World

Tour concussion withdrawals show roadside testing gaps

Three Tour de France riders quit after post-stage concussion diagnoses, renewing scrutiny of cycling’s rapid roadside checks.

Sofia Marchetti

By Sofia Marchetti · World Affairs Correspondent

3 min read

Tour concussion withdrawals show roadside testing gaps
Photo: Al Jazeera

Three Tour de France riders left the race after being diagnosed with concussion following crashes they initially rode on from, Reuters reported. The cases have renewed attention on the limits of quick checks in a sport where riders can lose time by stopping.

Reuters reported that eight riders had abandoned the race since it began in Barcelona on July 4, and three of those exits were because of concussion. They were Clement Berthet of Groupama-FDJ United, Alex Molenaar of Caja Rural-Seguros RGA and Torstein Traeen of Uno-X Mobility, who had briefly held the yellow jersey.

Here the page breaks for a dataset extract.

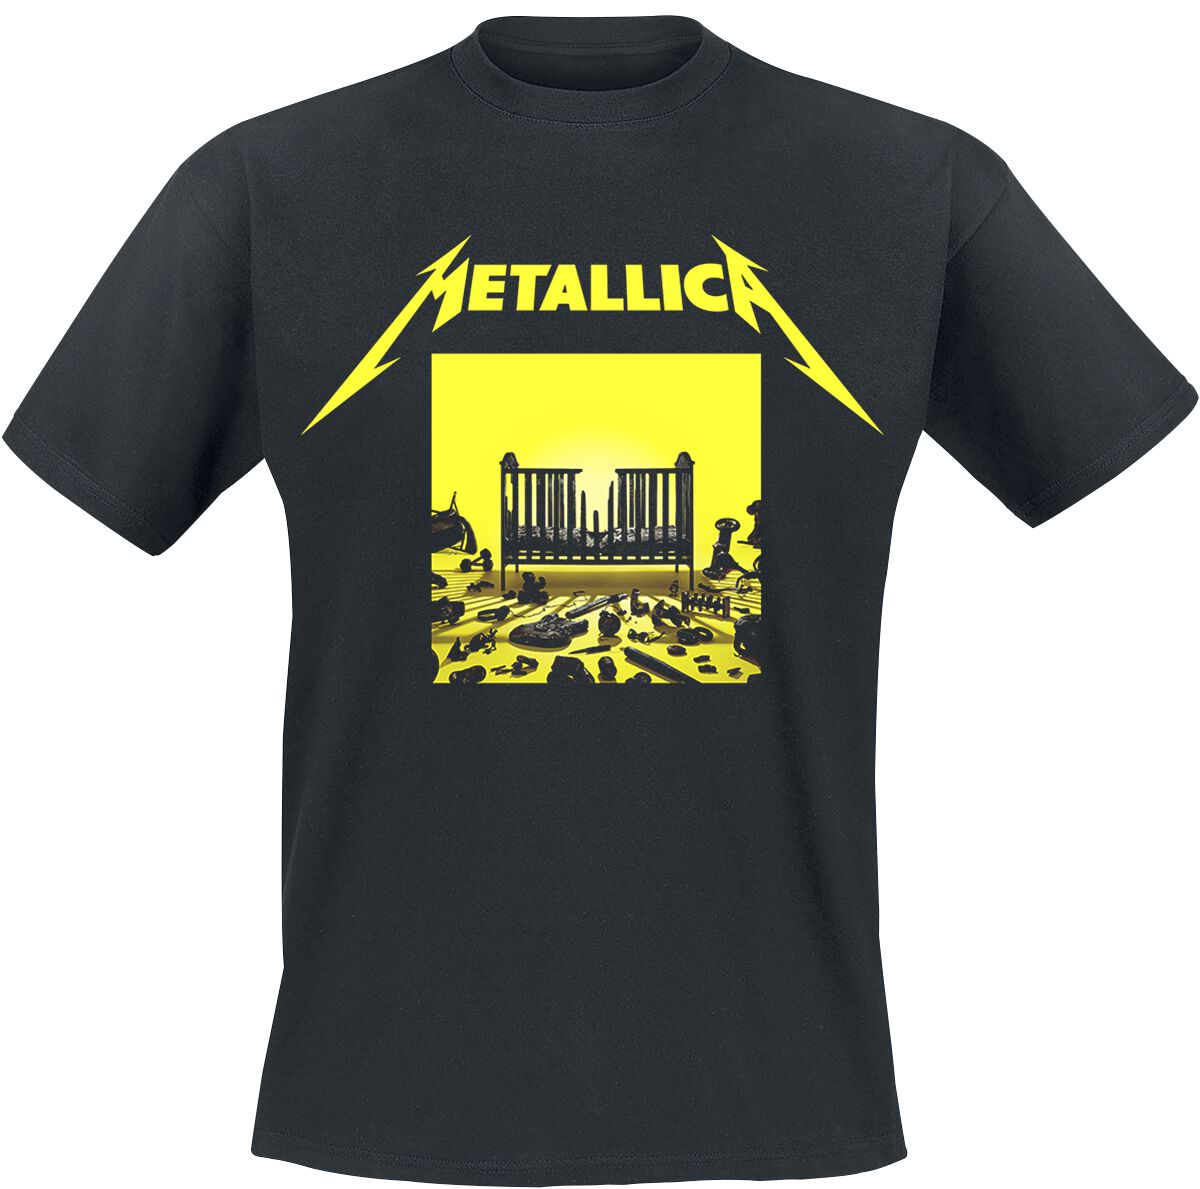 Metallica T-Shirt - M72 Squared Cover - S bis 5XL - für Männer - Größe S - schwarz  - Lizenziertes Merchandise!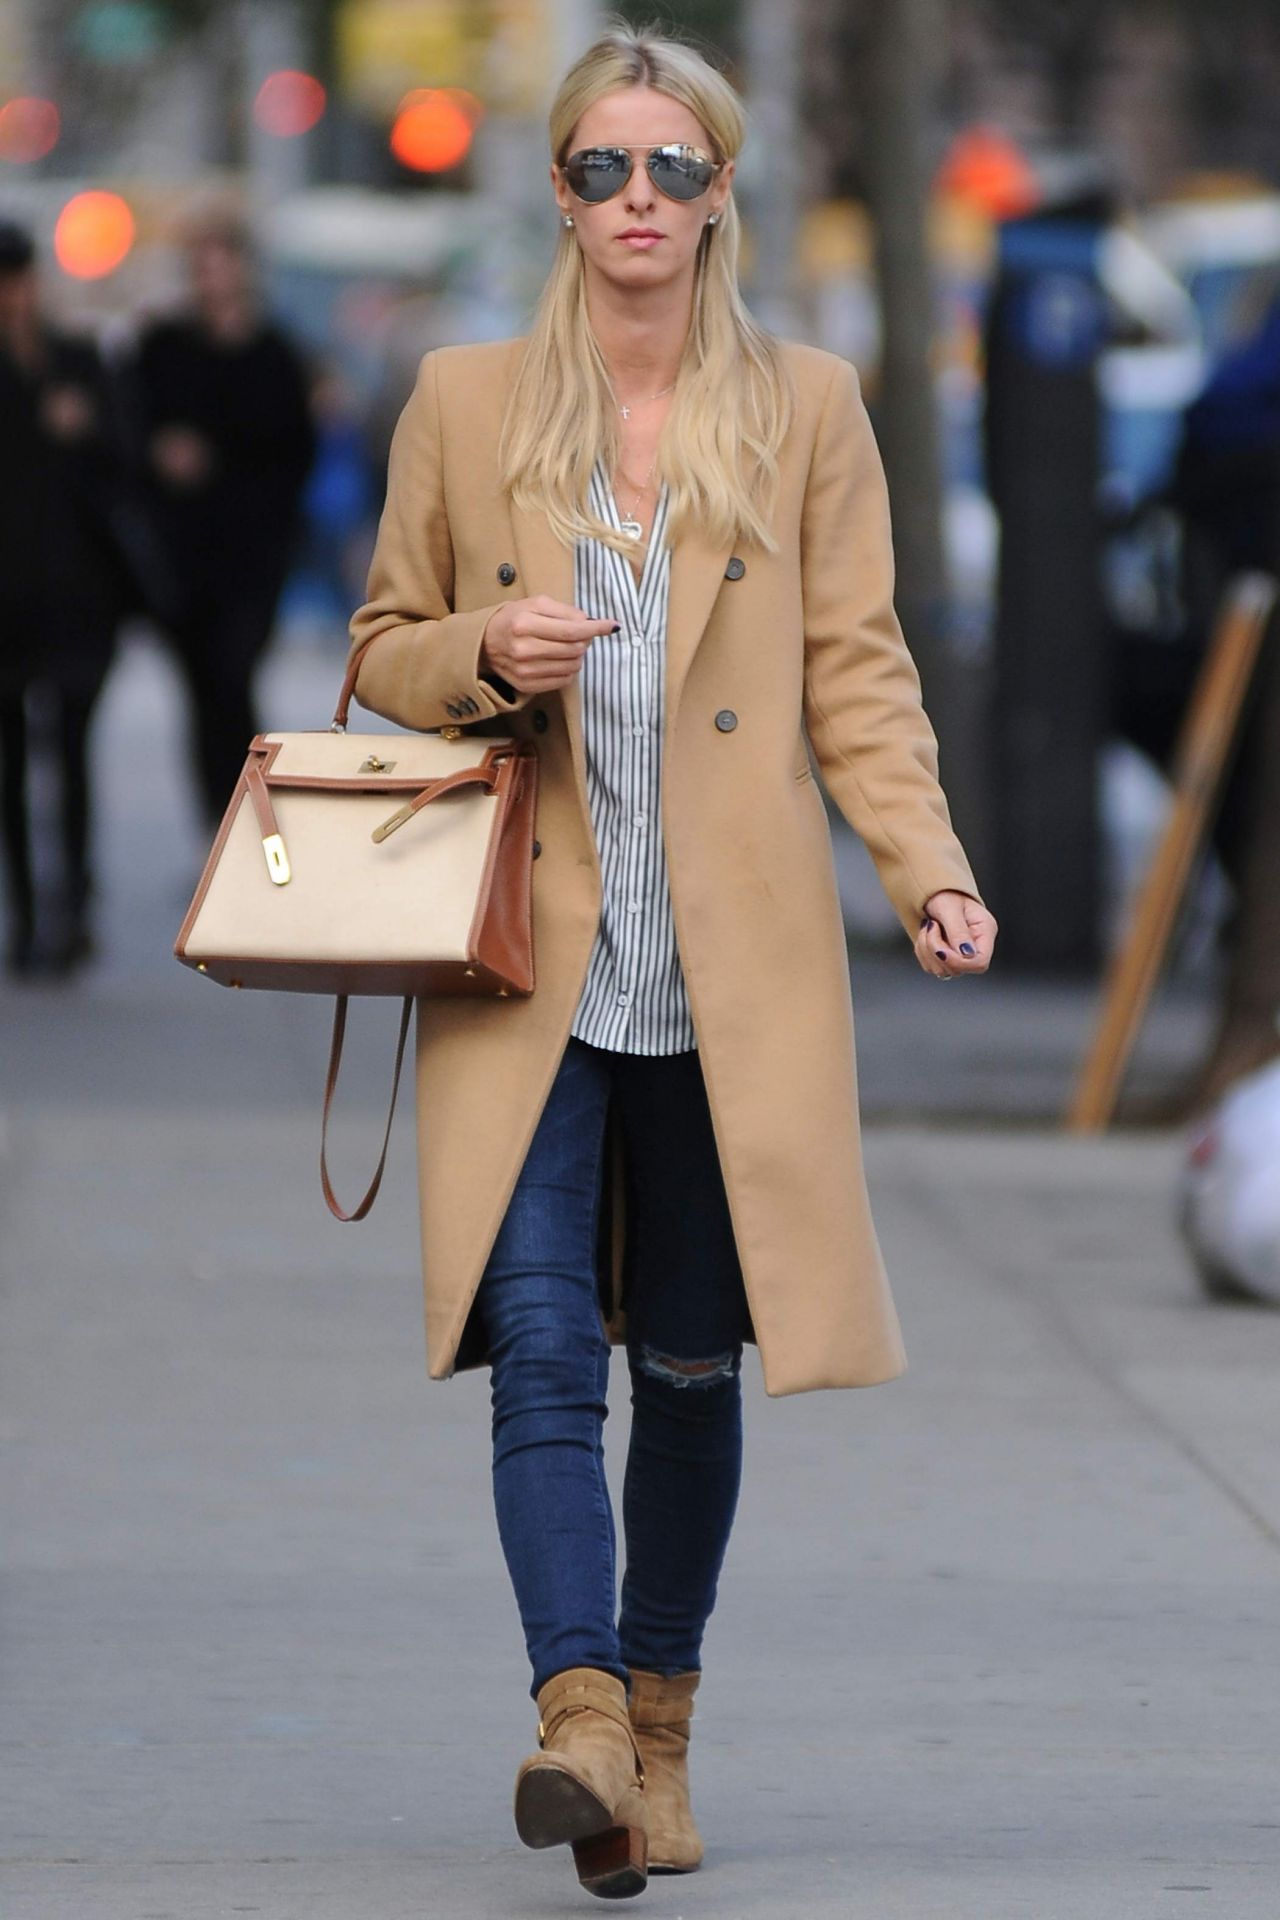 Nicky Hilton New York City October 28, 2014 – Star Style

Each rider crashed, completed the stage and withdrew later that evening after the diagnosis was made, according to Reuters. Berthet fell during the opening team time trial, Molenaar crashed 5km from the finish of stage five, and Traeen came down the next day on the Col du Tourmalet descent while racing in the leader’s jersey.

Xavier Bigard, medical director of the International Cycling Union, told Reuters that it was unsatisfactory to see concussion identified only after riders had returned to competition. Bigard said cycling had improved its handling of head injuries, but the race environment still makes immediate decisions hard.

Protocol relies on fast first checks

The UCI introduced its concussion protocol at the start of the 2021 season, Reuters reported. Bigard began work on the system after joining the governing body in 2018, a period that included French rider Romain Bardet continuing for nearly 90km after a crash at more than 60km/h in 2020 despite having a concussion.

Under the current process described by Reuters, the first person to reach a fallen rider must assess them. That person is often a team mechanic, and if they identify at least two visible indicators — including nausea, head or neck pain, limb weakness, disorientation or poor balance — the rider must be removed from the race.

If those signs are not detected, Reuters reported, the rider may resume racing and can later be checked by the race medical car or a team vehicle. That in-race assessment includes basic questions about the race situation, and it can still lead to a withdrawal.

Mathieu Le Strat, medical director of Groupama-FDJ United, told Reuters that roadside checks are brief and take place under pressure. He said a full concussion assessment takes 10 to 15 minutes and includes several tests, which cannot be done at the roadside during a stage.

Symptoms can change after a crash

Florence Pommerie, the Tour de France’s chief doctor since 2010, told Reuters that concussion is hard to identify because it has no single clear marker and depends on several signs. She said she had not seen any of the three riders return to the medical car after their crashes.

Bigard told Reuters that some symptoms can appear at once and fade, while others may show up only later. That can explain why a rider passes an initial check but receives a concussion diagnosis after the stage, he said.

Pascal Chanteur, vice president of the CPA international riders’ union, told Reuters that the sport now has full awareness of concussion risk. Bigard said education remains a challenge in elite cycling because performance pressures are strong, and he described improvement as a long-term process.

This story draws on original reporting from Al Jazeera.